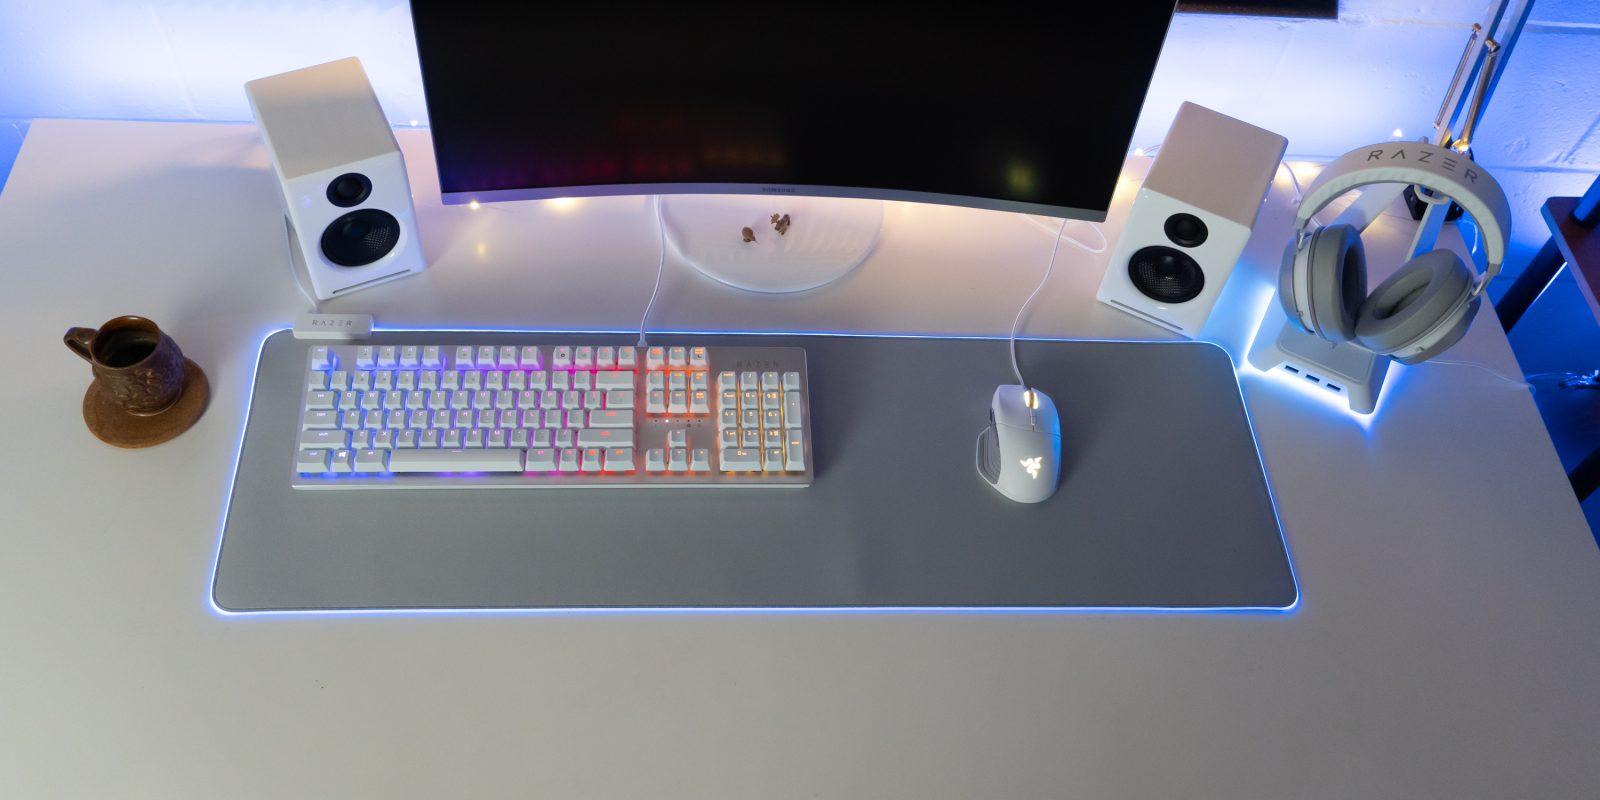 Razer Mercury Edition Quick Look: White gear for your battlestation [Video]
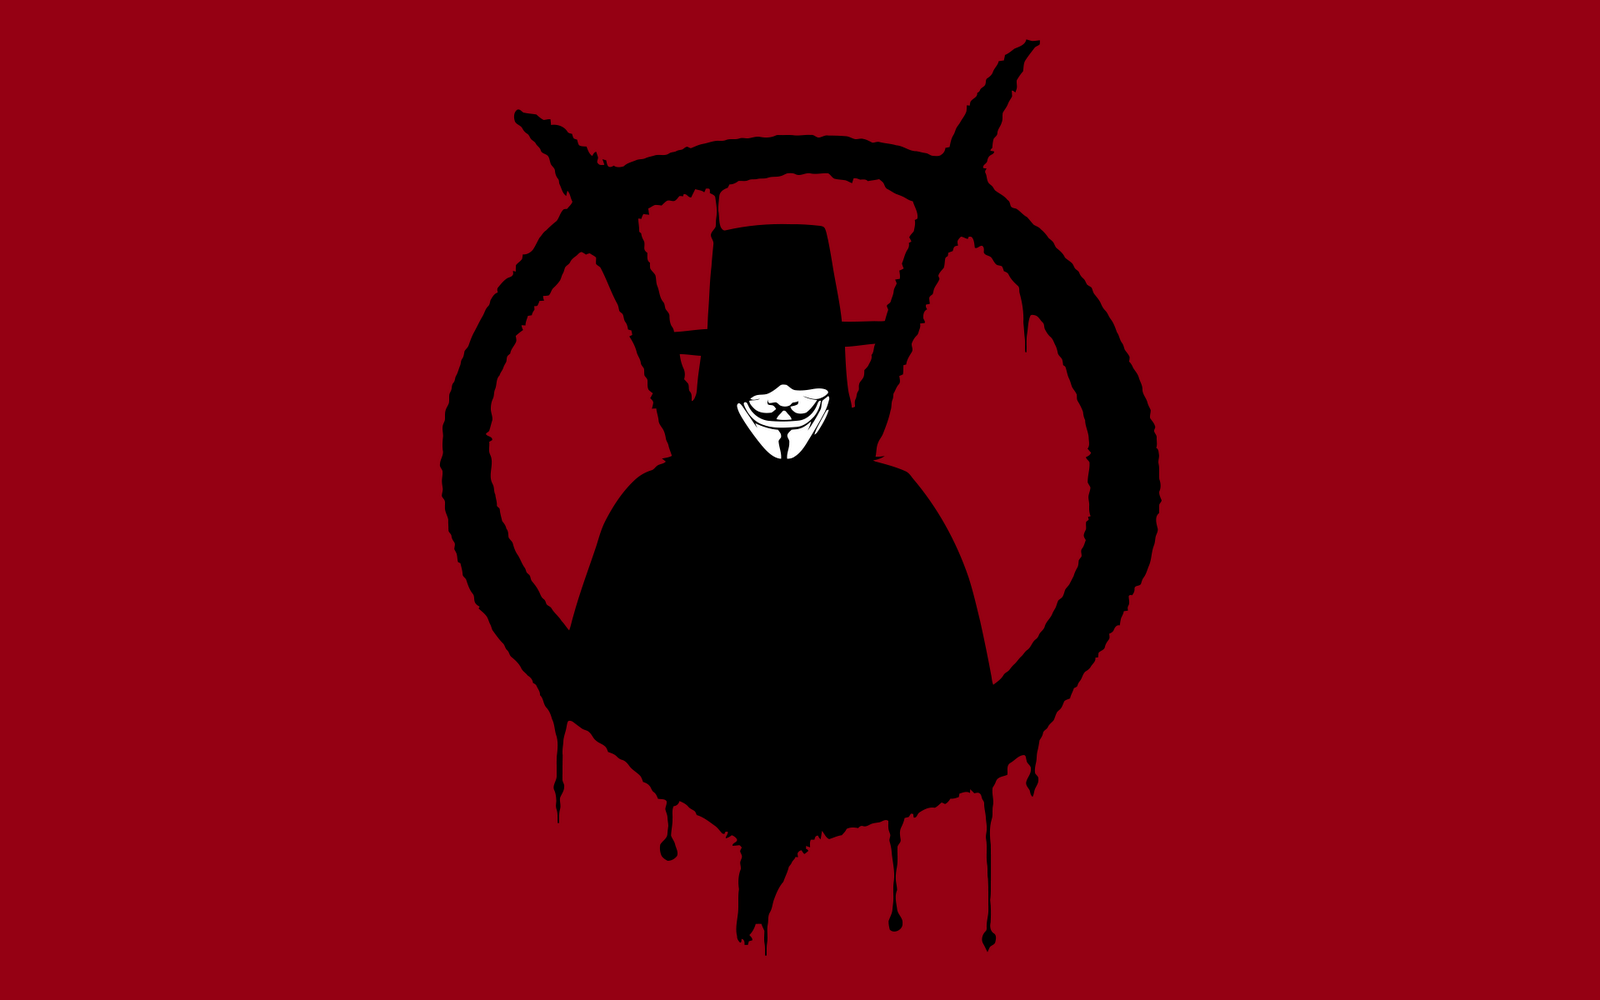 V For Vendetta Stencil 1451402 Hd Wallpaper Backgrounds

...

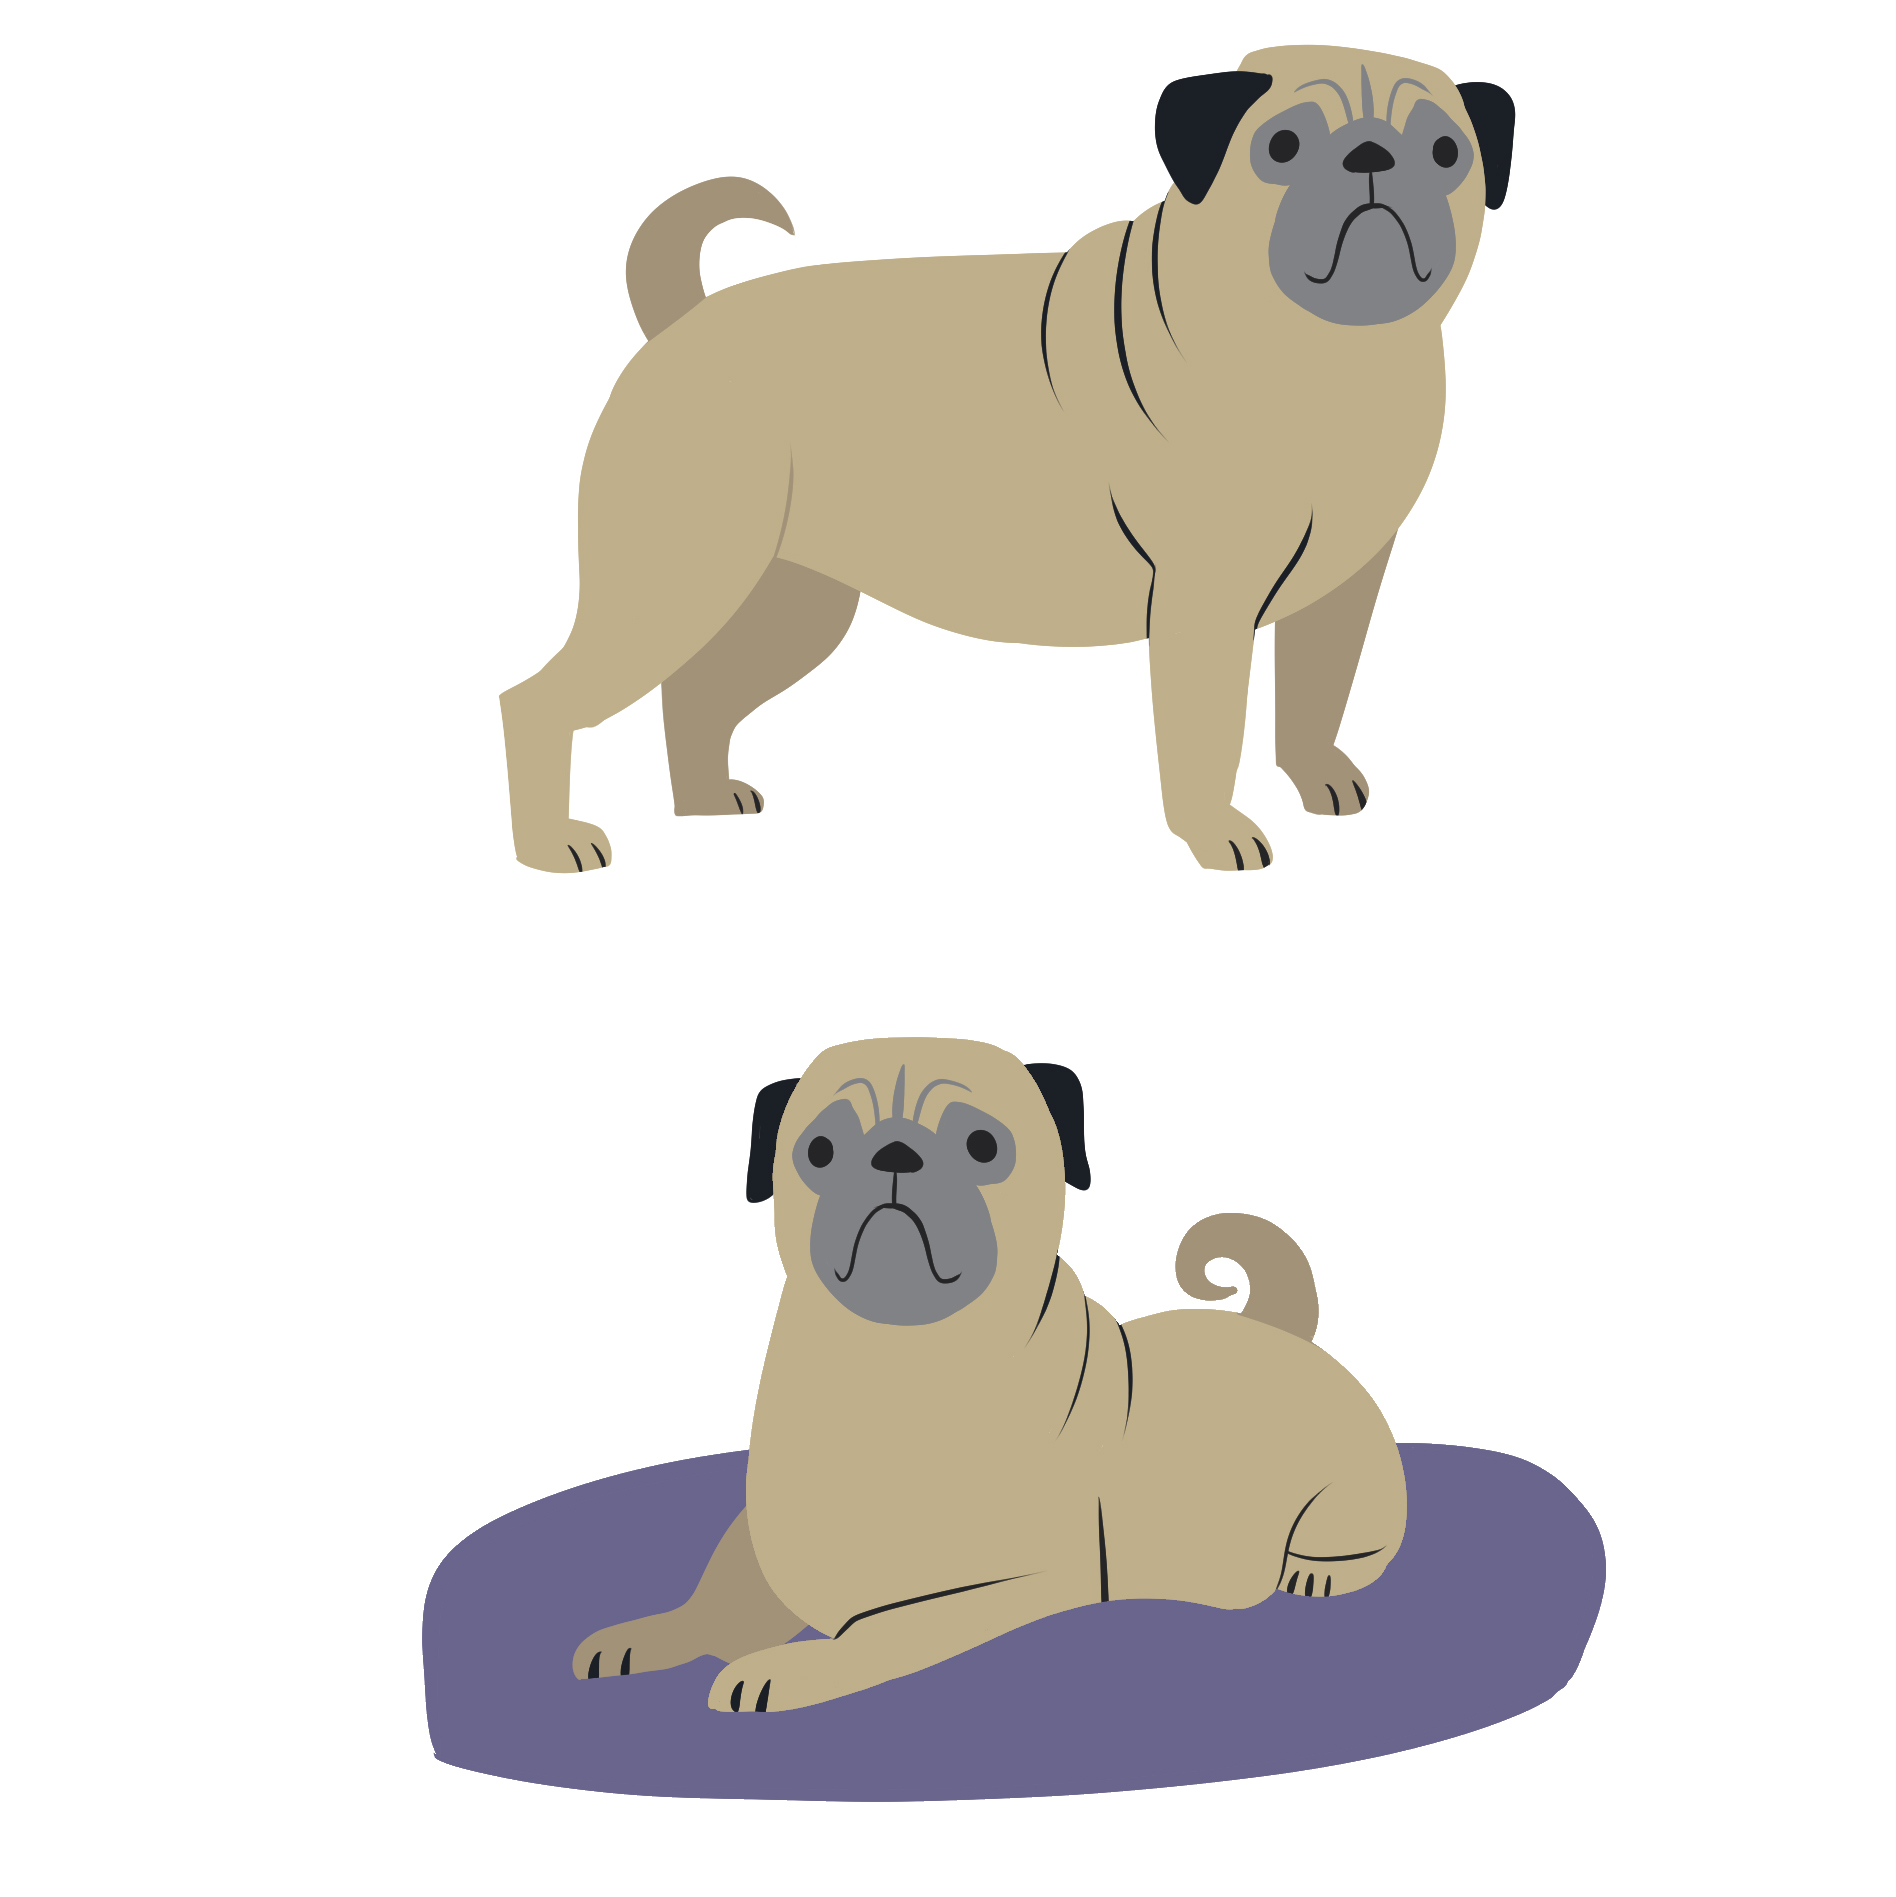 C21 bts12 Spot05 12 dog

==

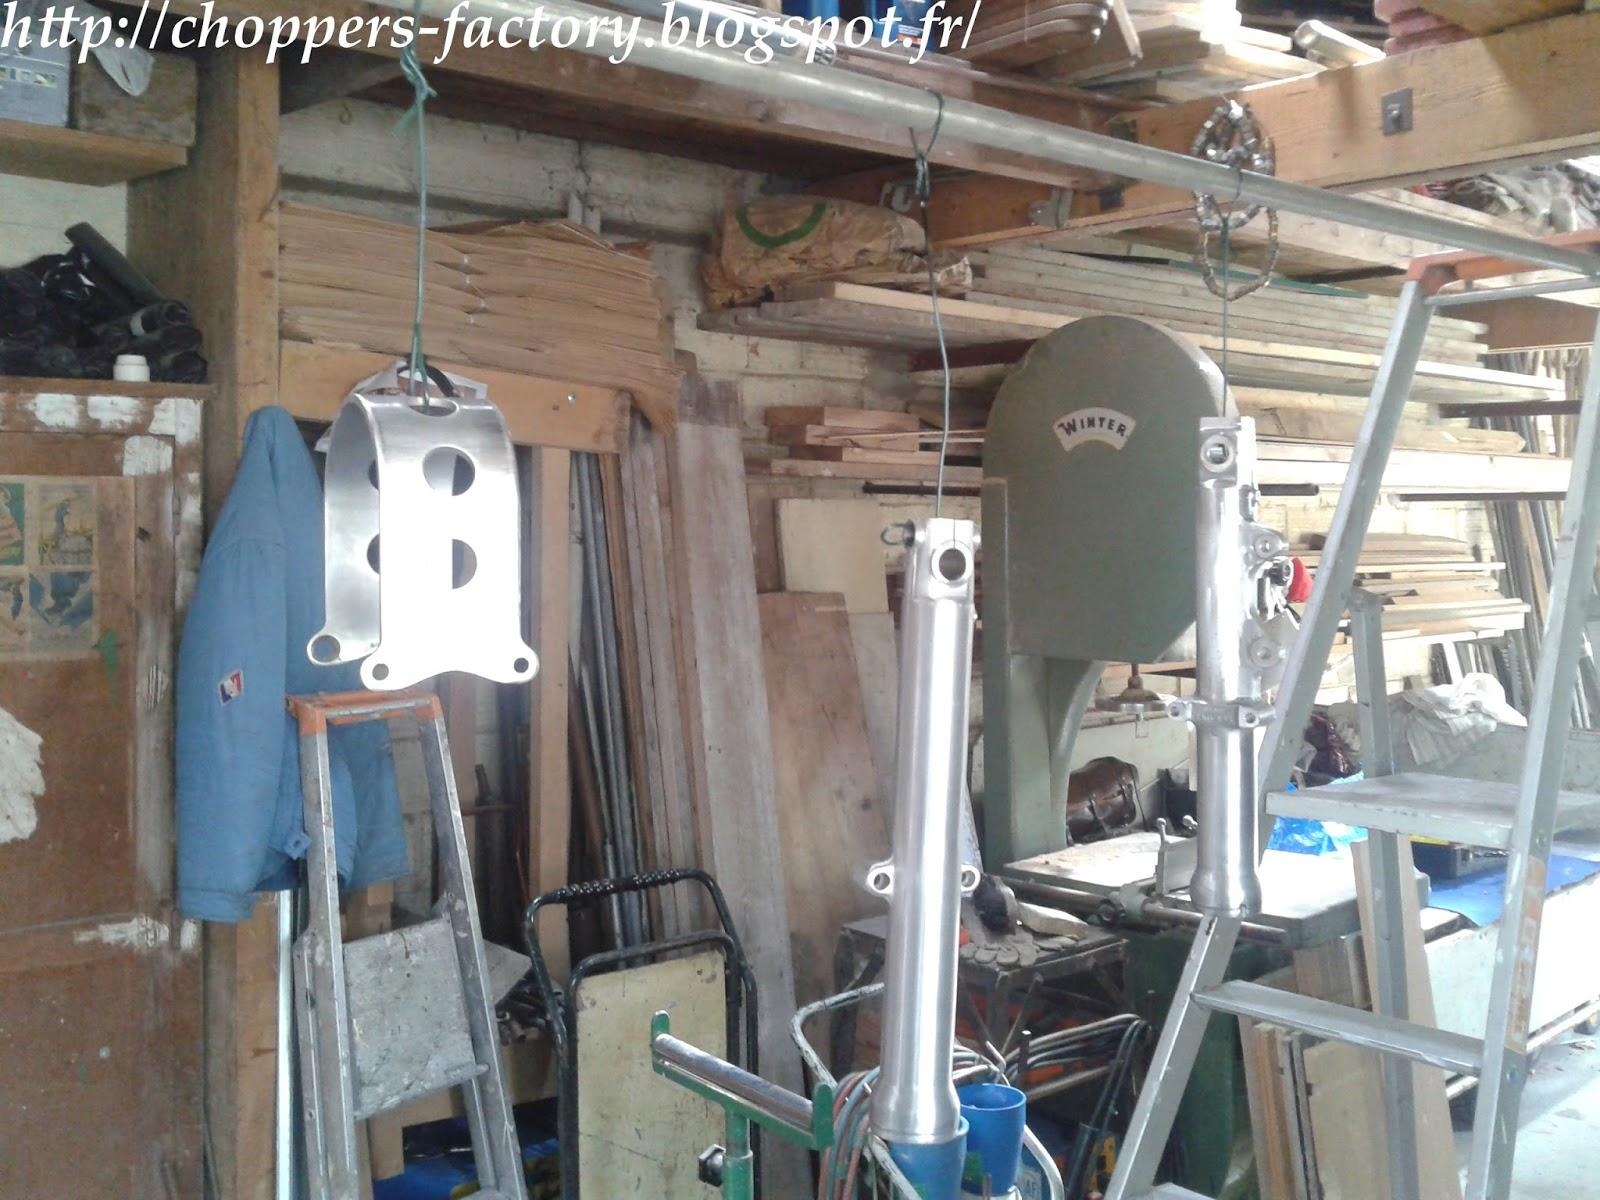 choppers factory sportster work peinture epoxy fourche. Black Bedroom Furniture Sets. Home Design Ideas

_Task_. Starting at the line above with "Razer Mercury Edition", output every line exactly up to and including the line with "V For Vendetta", but none of the pictures.

_Written response_.
 Razer Mercury Edition Quick Look: White gear for your battlestation [Video]
 V For Vendetta Stencil 1451402 Hd Wallpaper Backgrounds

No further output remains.